Высоцкий воспроизводит мировоззрение дикой, темной силы, для которой словно и не существовало культуры, опыта предыдущих поколений. Его герои «неприметны, как льняное полотно». Объектом изображения становится стадно-массовое сознание толпы («Песенка о слухах», «Подумаешь — с женой не очень ладно...», «Письмо рабочих тамбовского завода китайским руководителям», «Товарищи ученые», «Антисемиты»). Особенно значимо отношение героев Высоцкого к мировой культуре и театру. Для них не существует сложных философских произведений, любое из них можно упростить до двух-трех фраз (цикл рассказов о любви в каменном веке, средние века, в эпоху Возрождения). Искусство театра, основанное на условности, концентрированности действия и времени, — трудно для восприятия неразвитым сознанием. Герои Высоцкого предпочитают проводить досуг, совмещая выпивку и телевизор, а там — доступный их пониманию цирк.

Но Высоцкий смеется, страдает, сострадает и любит человека таким, каков он есть, равным самому себе.


2.2 Формирование гуманистической концепции в произведениях о войне

В разнообразной ролевой лирике Владимира Высоцкого есть особая тема, к которой он обращался на протяжении всего своего творческого пути, и которая была необычайно важна для него. Это – тема войны. В военной поэзии наиболее ярко раскрыты гуманистические ценности поэта. В ней поэт раскрывает свой нравственный идеал.

Когда Высоцкого спрашивали, почему он много пишет о войне, он говорил: «Мы все воспитаны на военном материале» (в самом деле, в ту пору военная тема занимала весомое место в воспитании детей) ; он вырос в военной семье (отец и дядя были фронтовиками, много рассказывали о военном времени). Но помимо этого, указывал еще одну важную причину: «…мы дети военных лет – для нас это вообще никогда не забудется… Один человек метко заметил, что мы «довоевываем» в своих песнях. У всех нас совесть болит из-за того, что мы не приняли в этом участия. Я вот отдаю дань этому времени своими песнями». (1)

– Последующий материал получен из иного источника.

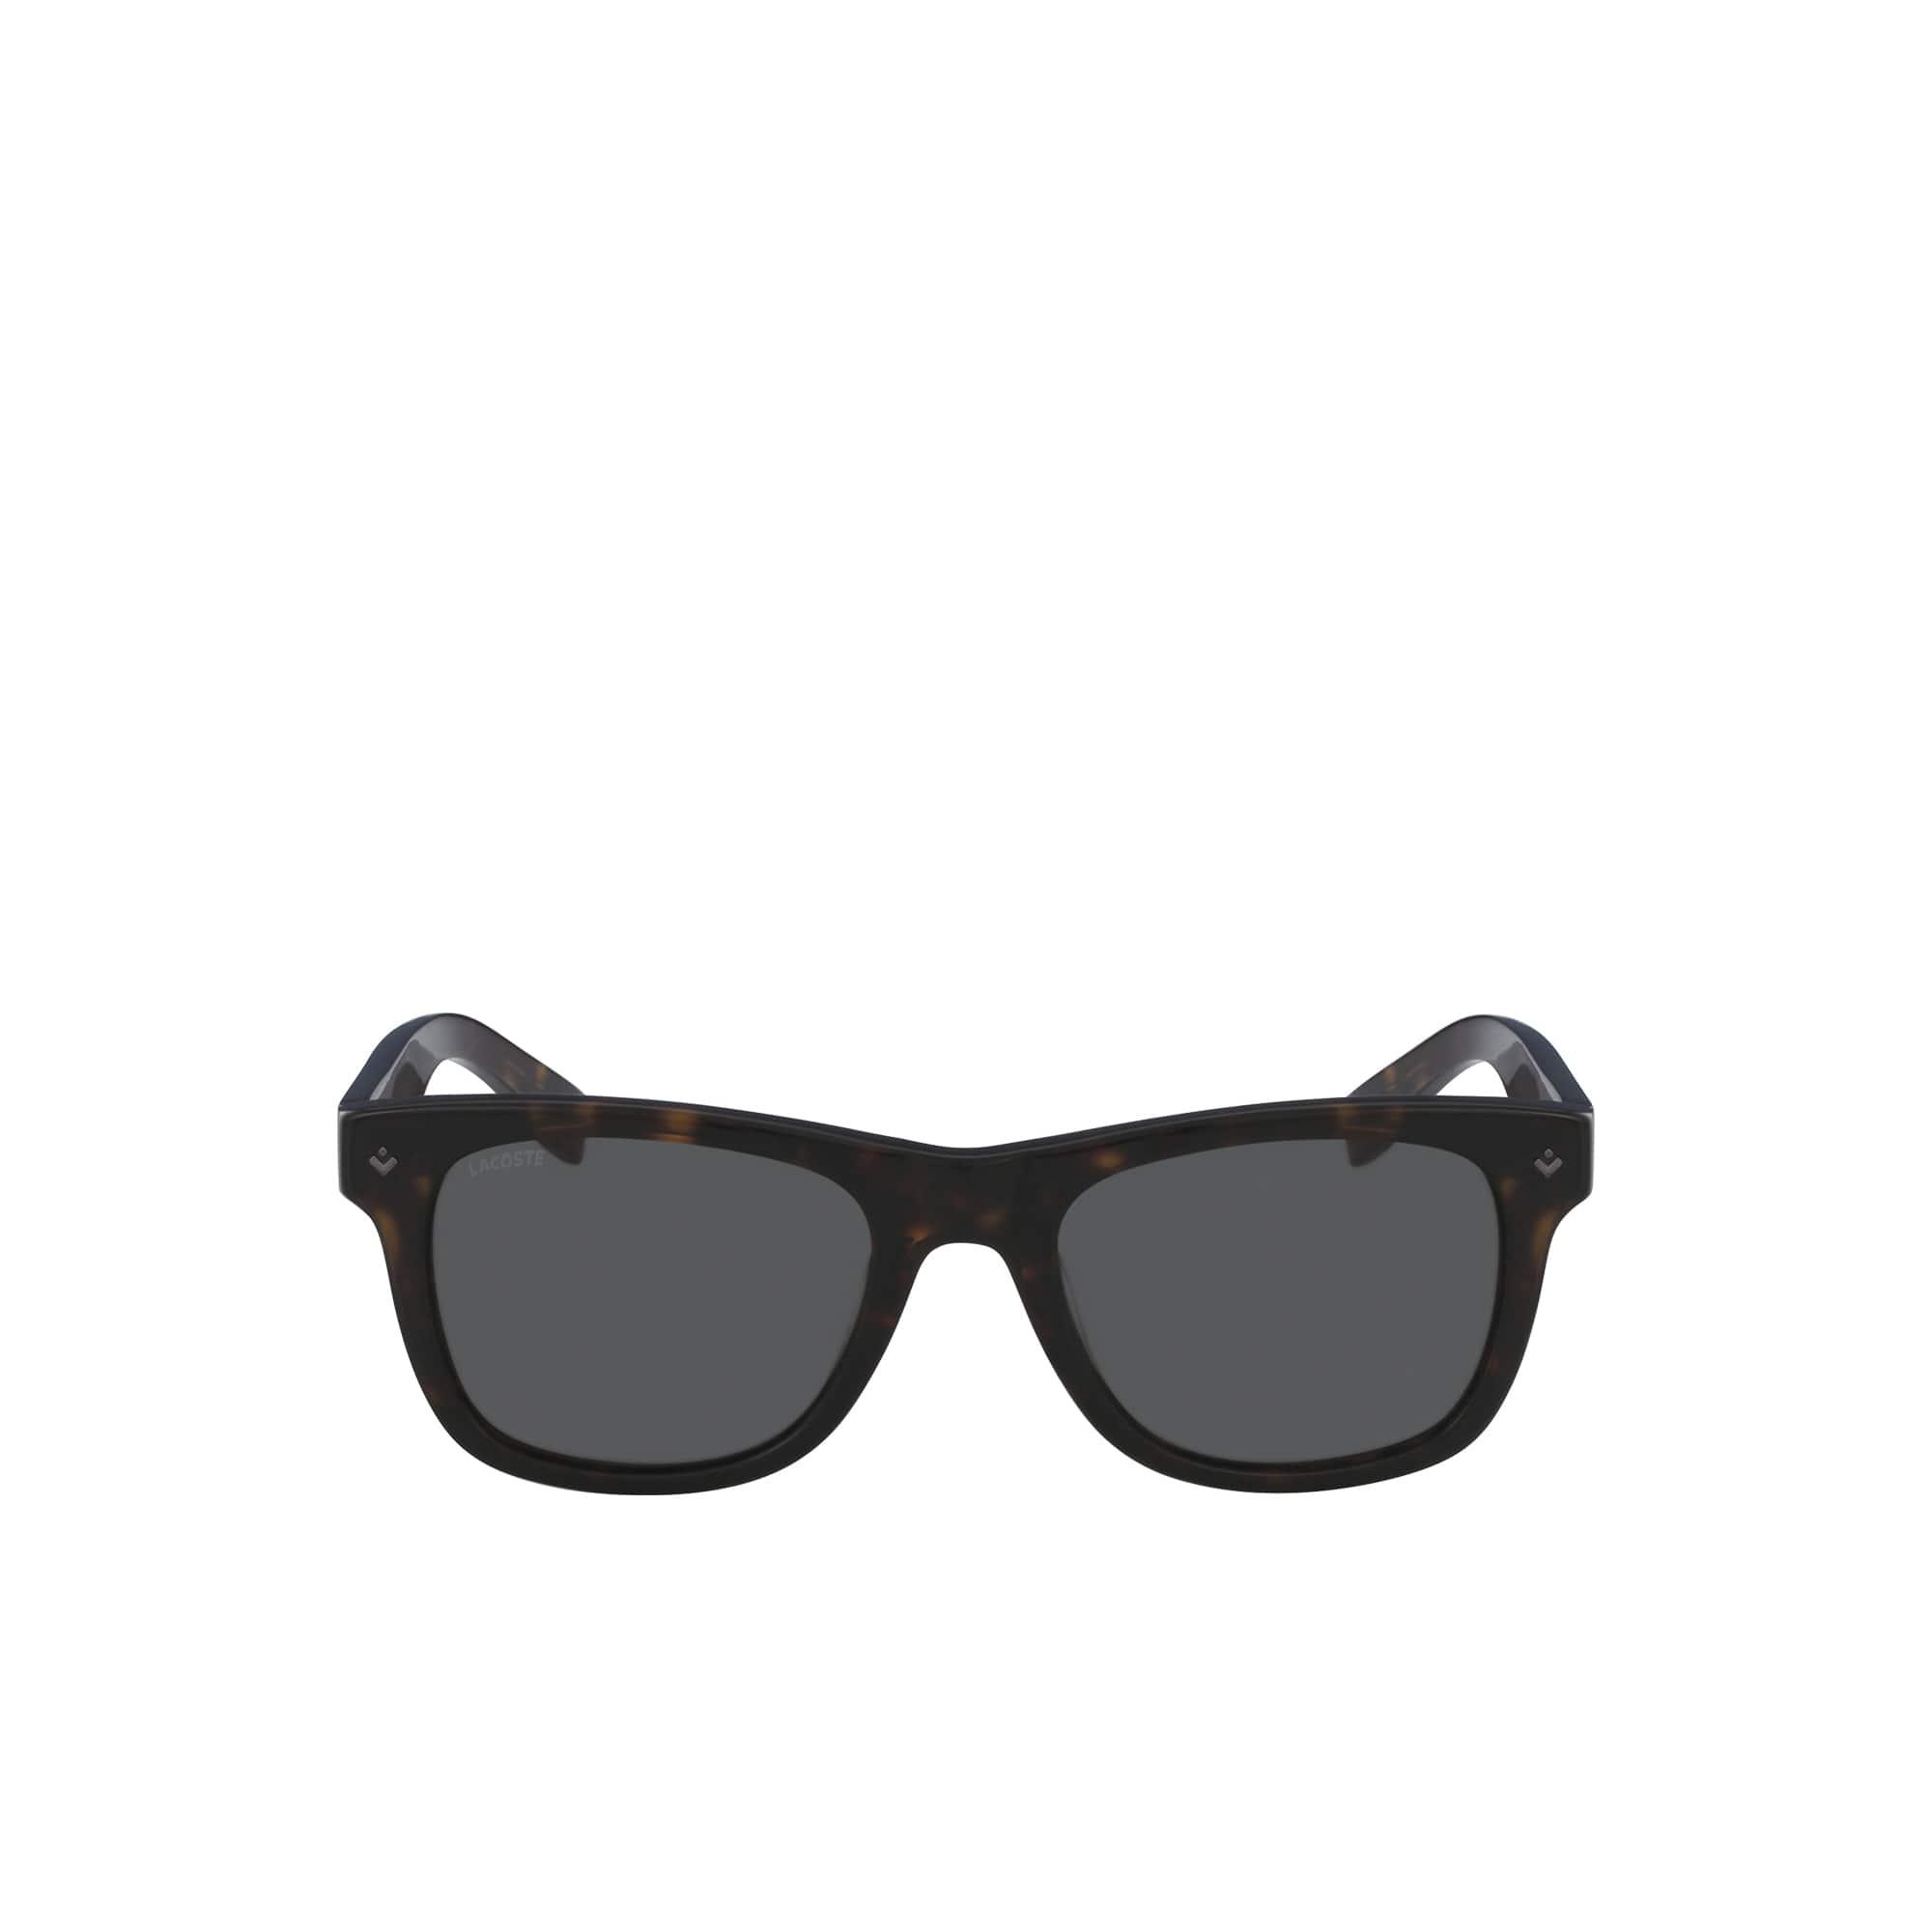 Occhiali da sole 85° anniversario unisex Petit Piqué con montatura in acetato

Володе Высоцкому было три года, когда началась война с гитлеровской Германией. Не столько по памяти, сколько по рассказам близких напишет он не без улыбки в «Балладе о детстве» (1975) о военной поре, о тогдашней жизни в Москве, в доме «на Первой Мещанской – в конце» (нынешний Проспект Мира):

Не боялась сирены соседка,

И привыкла к ней мать понемногу.

И плевал я – здоровый трехлетка

На воздушную эту тревогу.

Именно в детстве складывается у поэта основы будущего мировоззрения:

Все, от нас до почти годовалых,

Толковище вели до кровянки.

А в подвалах и полуподвалах

Ребятишкам хотелось под танки.

А в «Балладе о войне» (того же года) поэт уже всерьез осмыслит судьбу своего послевоенного поколения, «опоздавшего» на поля сражений и узнающего о подвигах и героях прошлого из книг:

И пытались постичь –

Мы, не знавшие войн,

За воинственный клич

Принимавшие вой, -

Тайну слова «приказ»,

Назначенье границ,

Смысл атаки и лязг

Боевых колесниц.

Военной теме посвящена уже одно из самых первых стихотворений Высоцкого – «Ленинградская блокада» (1961). Она вписывается в серию песен молодого поэта на улично-уголовную тему, но необычайно по своей лирической ситуации. Здесь перед нами не просто очередной герой-маргинал, но человек, переживший блокаду; блокадным опытом объясняется и его нынешнее социальное положение. В осажденном Ленинграде он лицом к лицу столкнулся с несправедливостью, увидел, что начальство переживало блокаду совсем не так, как простые люди:

Граждане смелые, а что ж тогда вы делали,

Когда наш город счет не вел смертям?

Ели хлеб с икоркою, а я считал махоркою

Окурок с-под платформы черт-те с чем пополам.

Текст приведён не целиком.